После оттепели, случившейся на Рождество, кривая мороза снова круто полезла вверх. На территории Ядерного центра работы у белковых по очистке от снега было поменьше, чем в мегаполисе: новое руководство решило очистить только дорожки и бегущие ленты между корпусами. У местных белковых были более важные дела, чем очистка территории.
К новому проекту привлекли Рабиделя, и он прилетел, забросив собственные дела.
В первый день они долго говорили с Делионом, новым руководителем центра.
Наметили план работ, набросали список, кого из физиков следует привлечь.
— Пригласи Эребро, — сказал марсианин.
— Но его сам Завара уволил.
— Мы должны стать выше личных отношений.
— Получается не очень этично: мы нарушаем волю Арнольда.
— Это не довод.
— Что тебе дался Эребро? У нас и так бешеный конкурс: чуть не тысяча человек на место.
— Вот и выберем его.
Они прогуливались по территории Ядерного, подняв воротники и нахлобучив поглубже шапки. Выбирали, где наст потверже, чтобы не провалиться в рыхлый снег.
— Послушай, Атамаль, мы знакомы сто лет. И я всегда знал, что ты человек справедливый. Вот послушай: «Он раньше подавал надежды — теперь он кофе подает». Как тебе стишки?
— Я не думал обидеть Эребро…
— Но обидел. И ведь верно ты сказал — «он раньше подавал надежды». А сам Эребро ни за что не попросится.
— Меня и другие за него просили… Право, не знаю. Придется отказать кое-кому.
— Откажи.
— Ладно, будь по-твоему, — сдался Александр. — Попрошу Даниель, пусть разыщет Эребро и пригласит его.
Когда возвращались в корпус, Рабидель заметил:
— Хрупка наша цивилизация.
— Не так уж хрупка. Через какие встряски прошла! А теперь вот к параллельным мирам подбираемся.
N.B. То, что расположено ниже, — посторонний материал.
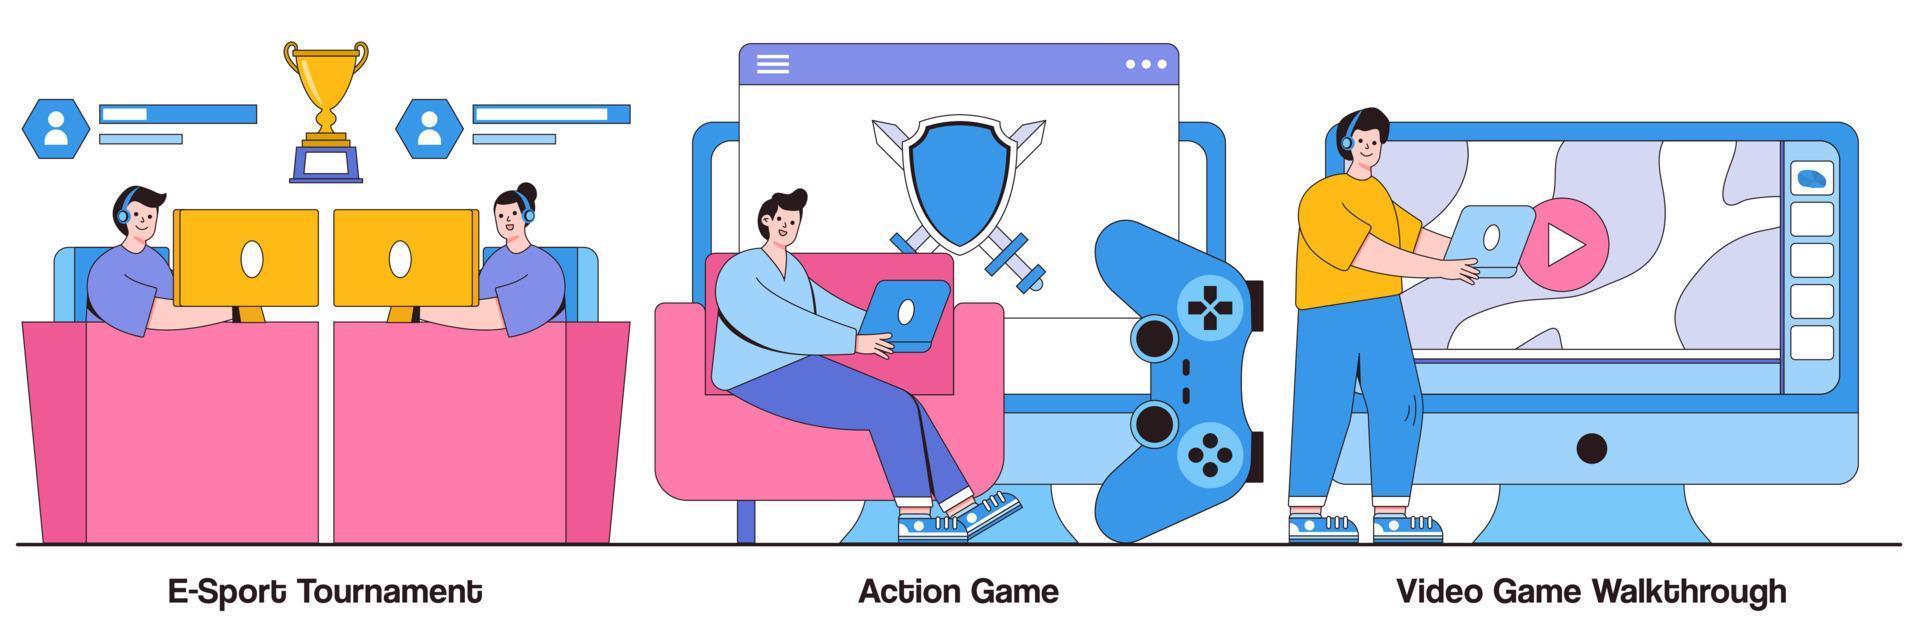 tournoi e-sport, jeu d'action, procédure pas à pas de jeu vidéo avec pack d'illustrations de personnages vecteur

— А свой собственный трещит по всем швам, стоит ударить покрепче морозу. Я делал пересадку в мегаполисе. Видел небось по инфору, что там творится?
— Не нужно преувеличивать. Не бывает разумной жизни без проблем. Цивилизация, может, и трещит, но ведь не разваливается! То, что ты видел, скорее говорит о ее прочности, чем о хрупкости.
— Несокрушимая логика. Не иначе, ты перенял ее у Сванте Филимена, когда был его ментором.
— Возможно. Он всем нам дал кое-какие уроки.
После пятнадцатиминутного отдыха два физика возвращались к работе.
Просторный холл встретил их теплом, птичьим щебетом. Рыжая белка скакала по разлапистому кедрачу вверх и вниз, не обращая внимания на людей.
— Надо еще кое-кого пригласить, — сказал Рабидель. — Без него нам уж точно из трясины не выбраться. Я имею в виду Филимена.
— Со Сванте сложнее. Он сейчас на Марсе.
— На Марсе?
— Да, вы разминулись.
— А что там?
— Фертачники зашевелились, переворот готовят. Хотят захватить Город. Филимен должен возглавить руководство силами правопорядка. Дело серьезное: наркоманы громят дома, чинят насилия…
— Плохо.
— Послушай, я видел фертачников в мегаполисе. Слабые, безвольные существа. Разве они могут сотворить что-то серьезное?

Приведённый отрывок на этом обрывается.